Learn More About Renoir's Gondola, Venice >>
The image seen here, entitled
Gondola, Venice, is the closest to a genre scene of any picture Renoir painted in Venice. A gondolier in striped shirt has transported two ladies across the lagoon, foreign tourists as we can tell from the French style of hat one of them wears. They are about to touch down at what is probably the island of San Giorgio Maggiore, ready to explore the monumental sixteenth-century church by Palladio that dominates it. An Italian girl sits on the water's edge, her head turned away from the approaching visitors in the direction of the artist who has positioned himself a few steps higher up to better survey the scene. Her short hair suggests that she is the same model Renoir also drew in pencil and sketched in oils at about this time. This conjunction of a gondolier and female Italian model recalls one of the few anecdotes Renoir told about his time in the city. He later reported to his friend Charles Deudon that while he wanted to paint figures in Venice, he had trouble finding models. He saw one girl "beautiful as a Madonna. My gondolier tells me he knows her, I hug him for joy." Once she posed, however, Renoir was unhappy with the self-conscious result, concluding that "to get someone to pose, you have to be very good friends and above all speak the language."

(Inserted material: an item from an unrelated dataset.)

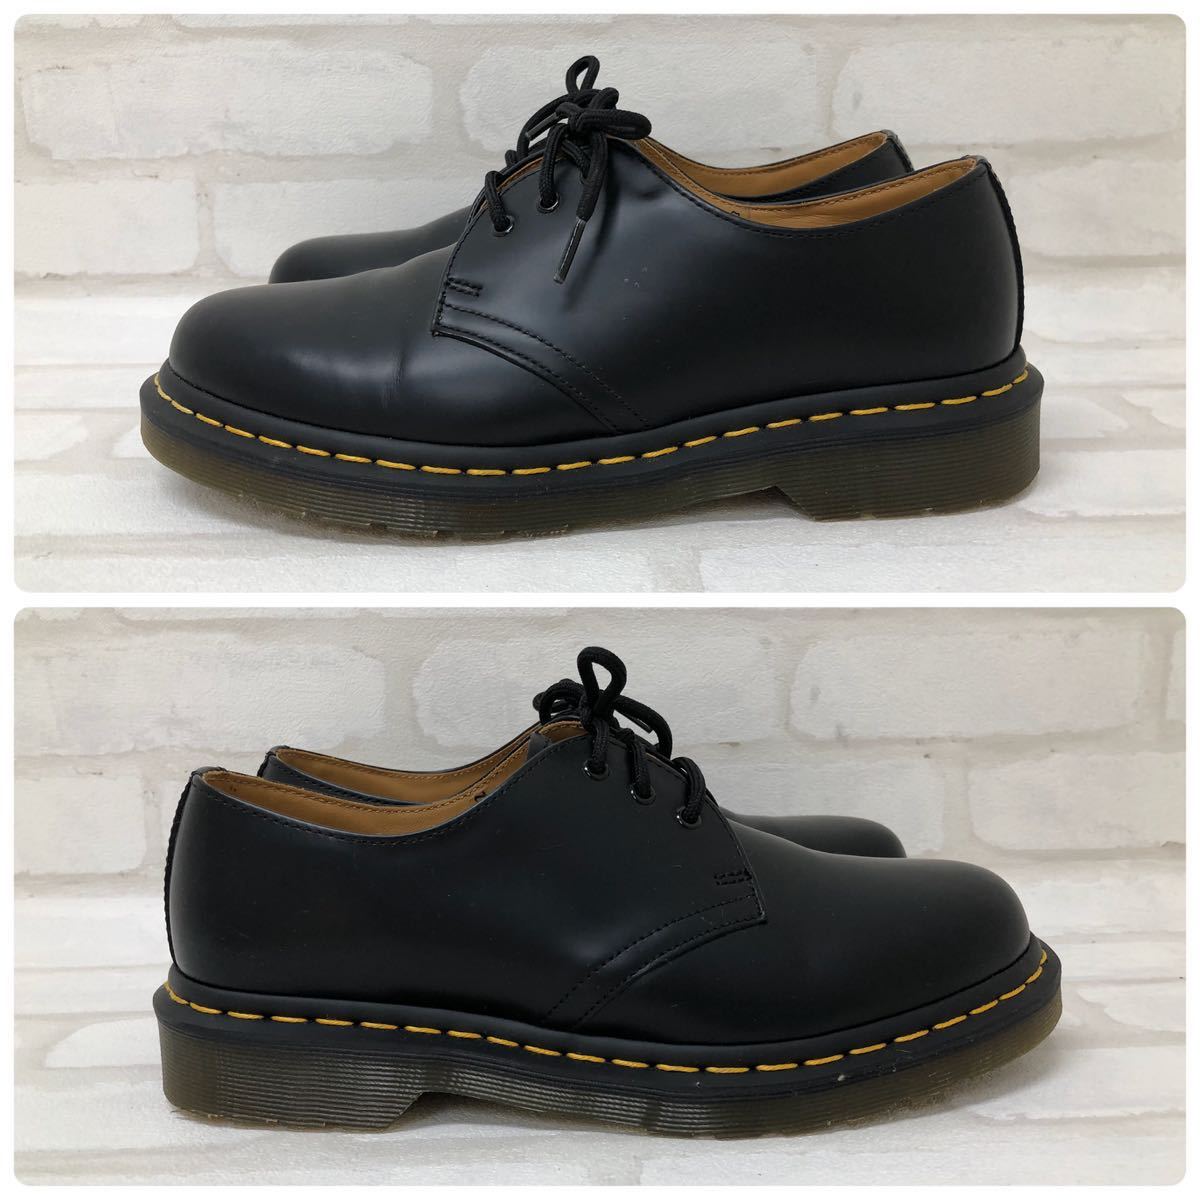 H■ Dr.Martens ドクターマーチン 3ホール UK6 25cm ブラック 黒 革靴 レザーシューズ ビジネスシューズ メンズ レディース ブーツ 靴_画像4

This painting recalls the vivid scenes of gondolas plying the Grand Canal that resulted from Manet's 1874 visit to Venice. The interest in incorporating specifically Venetian figures recalls the paintings of Venetian work and leisure by John Singer Sargent, who had visited a year before Renoir, in 1880, and would return the following year. What is specific to Renoir, however, is the conjunction of large-scale figures in the foreground, including the uniquely Venetian shape of the gondola itself, and a panoramic view of the city as seen across the waters. While the background is freely sketched, we still are able to recognize the profile of the Dogana or Venetian Customs House at the upper left and the more distant Campanile of San Marco silhouetted against the sky further to the right. Much of the center of the canvas is given over to the choppy waters of the lagoon, rendered in quick touches of paint in various shades of blue and white and further animated by the reflections of a sailboat and distant buildings in yellow and red. The golden triangle of sail near the center of the painting, tinged with red, consolidates and intensifies the tones used to delineate the distant cityscape, thus subtly unifying the upper third of the composition. Renoir painted a second gondola scene as well, even more freely executed, part of his exploration of this specifically Venetian mode of transport. Perhaps he sensed that its picturesque, age-old reign was beginning to come to an end; the first public
vaporetto service on the Grand Canal, less romantic than the gondola in every imaginable way, had been introduced on September 15, 1881, only a few months before the artist's arrival.
Coda

The Farm at Les Collettes, c. 1915
Pierre-Auguste Renoir
Oil on canvas
Musée Renoir, Ville de Cagnes-sur-Mer, France
Renoir's late paintings demonstrate his persistent appreciation of landscape, even at the end of his life. By the time he painted
The Farm at Les Collettes, seen at left, he suffered from such acute arthritis that he could neither walk nor hold his brushes, which had to be tied to the backs of his hands by assistants. Yet he continued to paint in the open air on his property. In these works, he evoked the timeless ideals of the natural world and the human presence within it.